Looking back at Irish history, the luck of the Irish hardly seems like luck at all. The island faced repeated invasions from the Vikings followed by the Normans with resistance to offshore domination a centuries old fact of life. The English Crown had the longest run at dominating the Irish but the terrain of the countryside and tenacity of the Celtic inhabitants made it a difficult and bloody task. Ireland was also central to attempts by the English to impose the Protestant faith on others. It was one of several battlegrounds during the Protestant-Catholic wars that raged across Europe in the 14th and 15th centuries. In Ireland, conflict between Protestants and Catholics continued to modern times.
As if political unrest was not enough, Ireland experienced the Great Famine from 1845 to 1849. Although not native to Ireland, the potato had become an important food to sustain poor Irish tenant farmers through the spare winter months. As potatoes are propagated by sprouting plants from leftover spuds from the previous crop, the species had little genetic diversity and when the potato blight disease came to Ireland, it decimated the crop. British landowners had pushed the Irish tenant farmers off the best pasture land which was used to raise beef for English consumption. Indifference from the British to the plight of their tenant farmers when the blight struck resulted in the loss of over a million lives with an additional million Irish leaving the country, mostly to America.

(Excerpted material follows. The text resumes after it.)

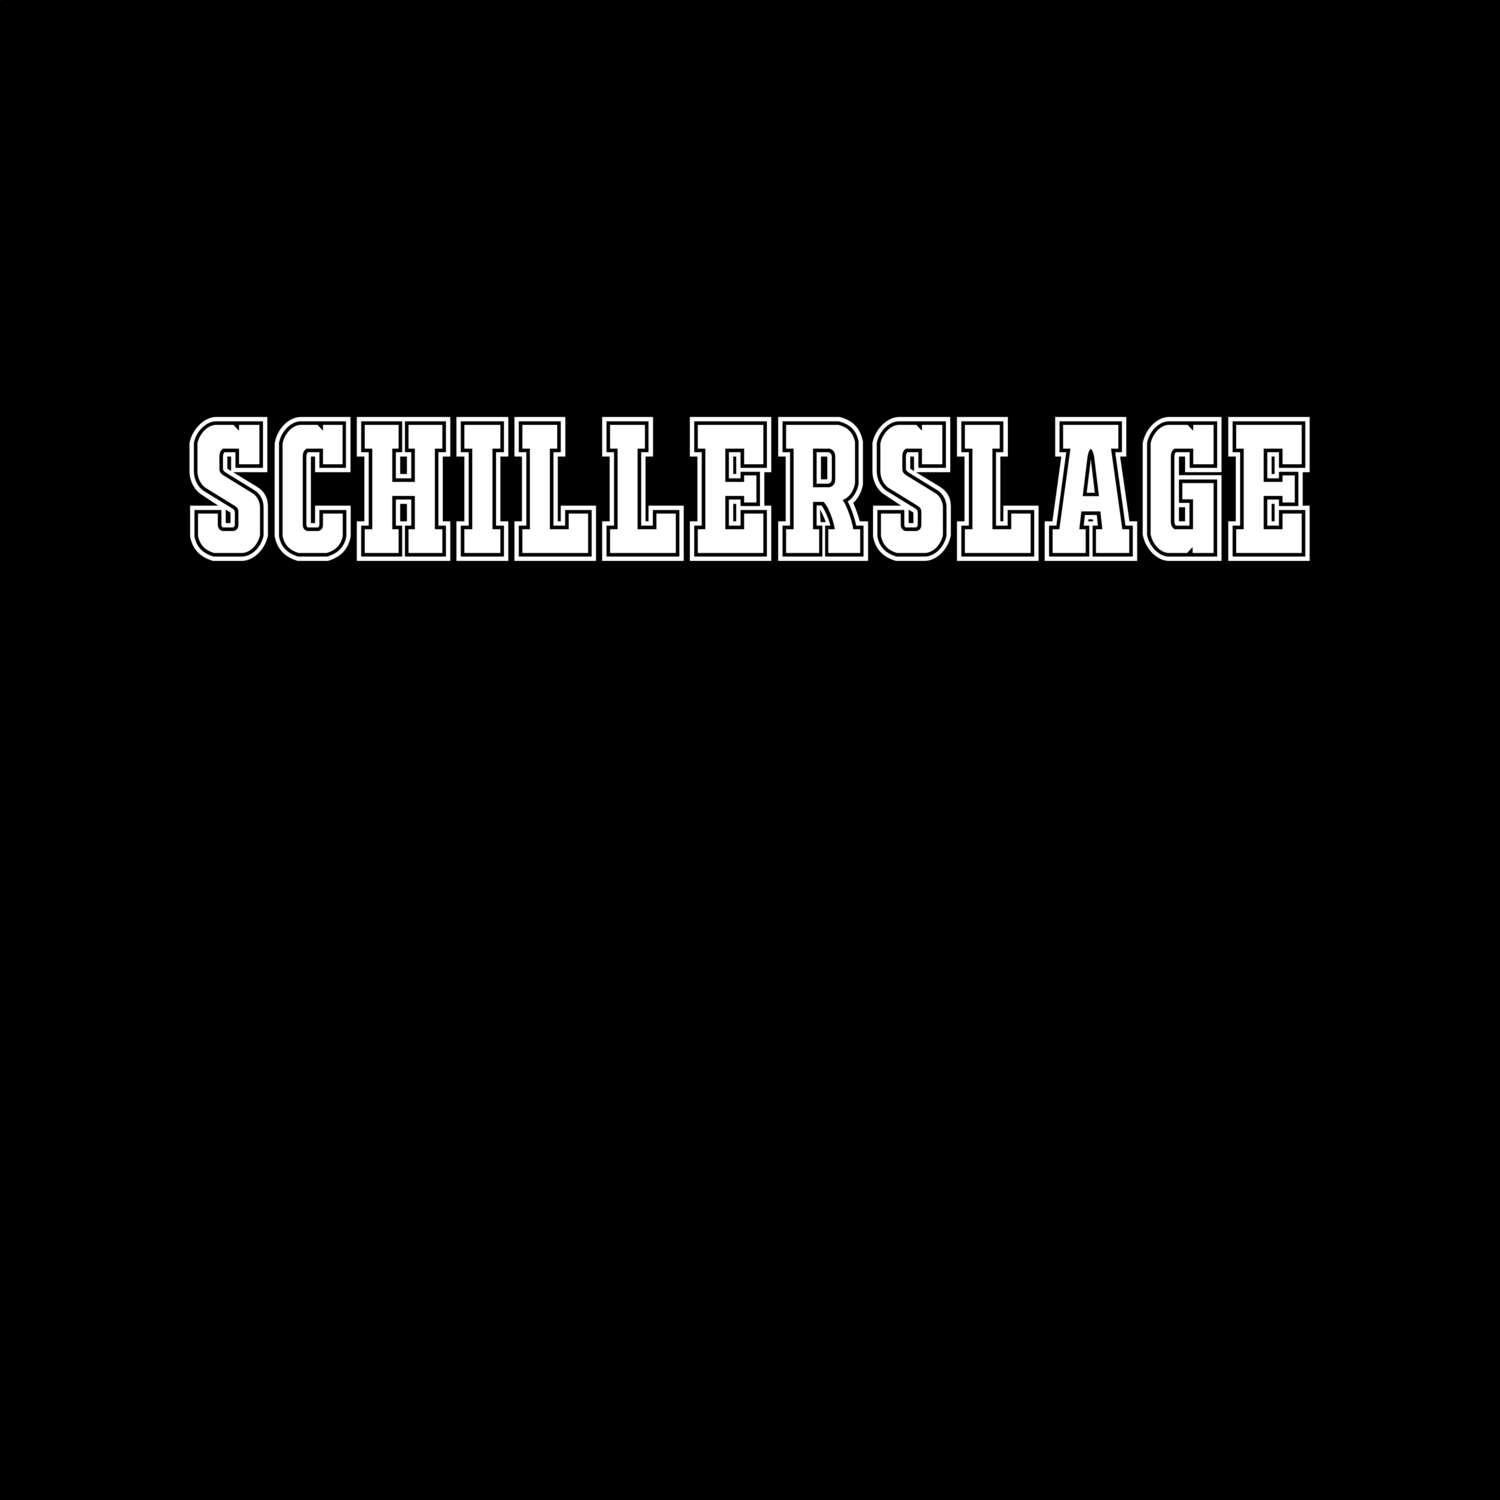 Schillerslage T-Shirt »Classic«

The famine fueled nationalism which led to the 20th century being a turbulent time in Ireland with civil war and eventual division of Ireland into the independent Republic of Ireland and the British governed Northern Ireland. Trouble persisted in the north and spilled into England as the Irish Republican Army carried out a violent campaign to unite Ireland. Some of the financial support for the IRA was thought to have come from Irish immigrants and their descendants who had found success in America. An uneasy peace was realized with the signing of the Good Friday Agreement in 1998. The violence killed nearly two percent of the population of Northern Ireland during the later half of the 20th century.
The luck of the Irish has not been so lucky. The phrase itself is believed to have originated in America during the gold and silver rush years when Irish miners were thought to have had a disproportionate amount of success. It certainly doesn't describe the challenges the Irish faced in their home country.
Just something to think about as you sip your pint of Guinness - Happy St. Patrick's Day!